Comment Re:I forsee... (Score 1) 79

Lots and lots of cheap VPSes offering cloud servers and storage from all of these soon-to-be future useless AI datacenters.

That may be true to a certain extent, but I submit two counterbalances to this:

1. VPS workloads aren't usually helped by GPU acceleration; even if DigitalOcean or Hetzner got these datacenters in a fire sale, they'd still be sitting on a pile of GPUs they would either have to leverage or sell.

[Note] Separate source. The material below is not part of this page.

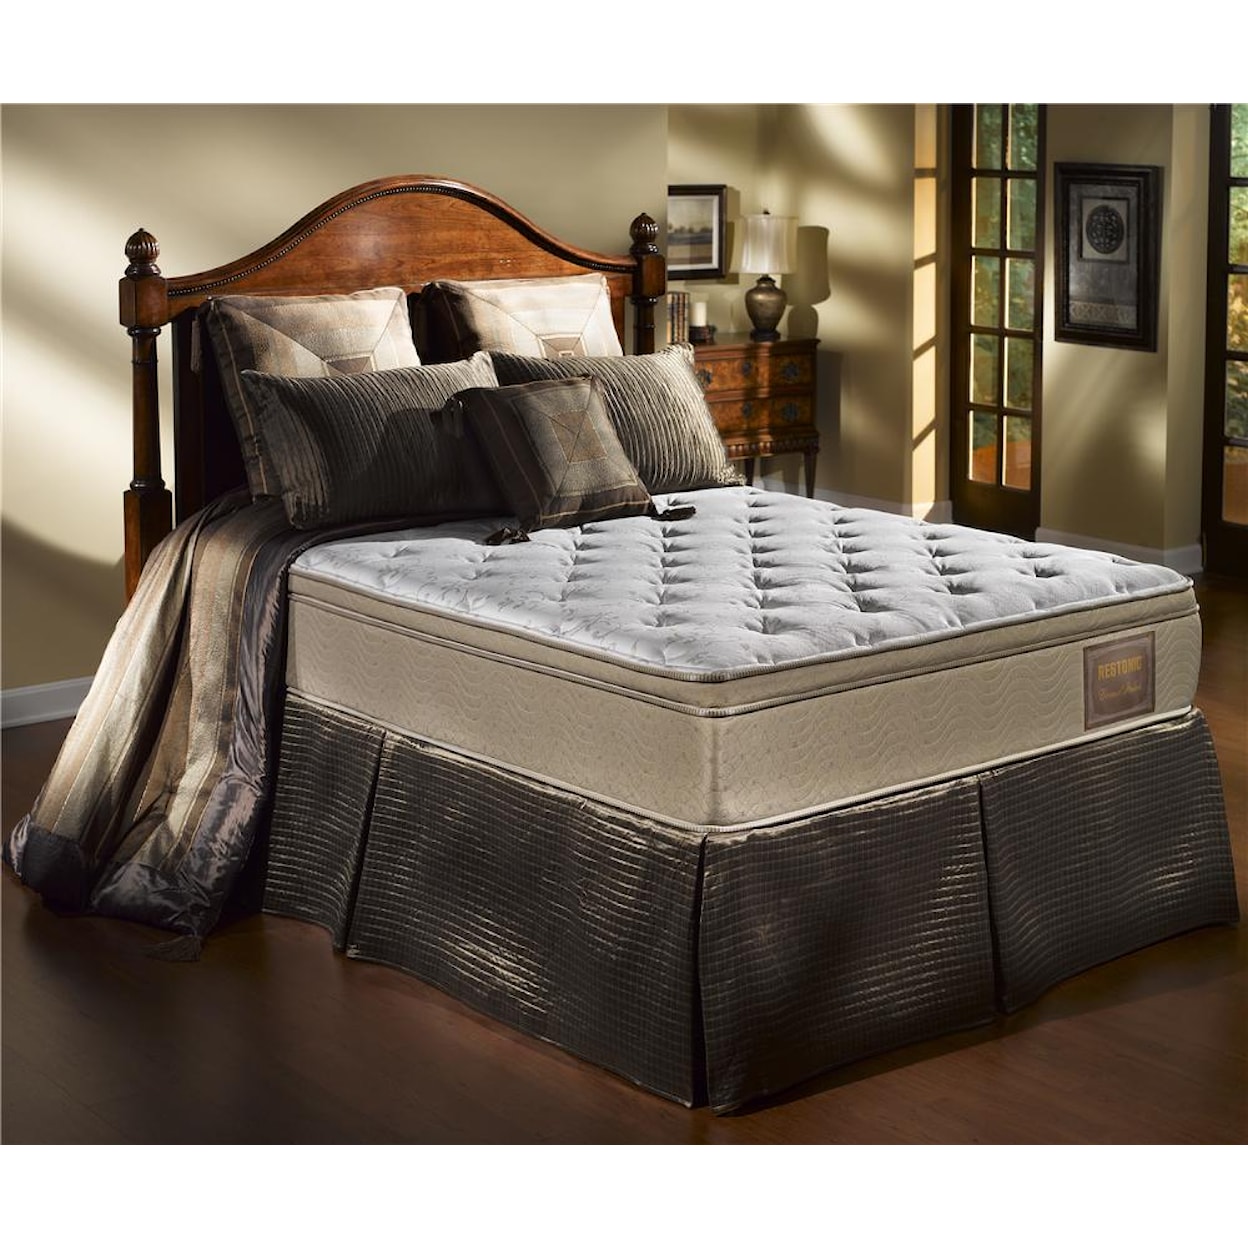 Upper Midwest Bedding- Restonic Grand Palais Chateau Euro Top

2. While VPS companies will undoubtedly continue to have their workload quantities increase over time, if the AI tech bubble bursts, they are likely to end up being on the working end of that at some level, too. I'm sure they aren't going anywhere, but even if revenue is down 10%, it's going to be a tough sell to get leadership to think about making an investment of that size when it's unclear whether next year will *also* have a 10% loss of revenue.

Comment Re:no socials under 15. (Score 1) 44

You  advise suffering; making  networked computer use as difficult as getting a drivers license. I do not see that as a step for'ard. Of-course I have spent the last three days getting two Linux boxes enabled on the  sketchy local WiFi.  Inexpert? Yep. Twenty years ago getting my Florida drivers license took 2 hours at DMV. YMMV.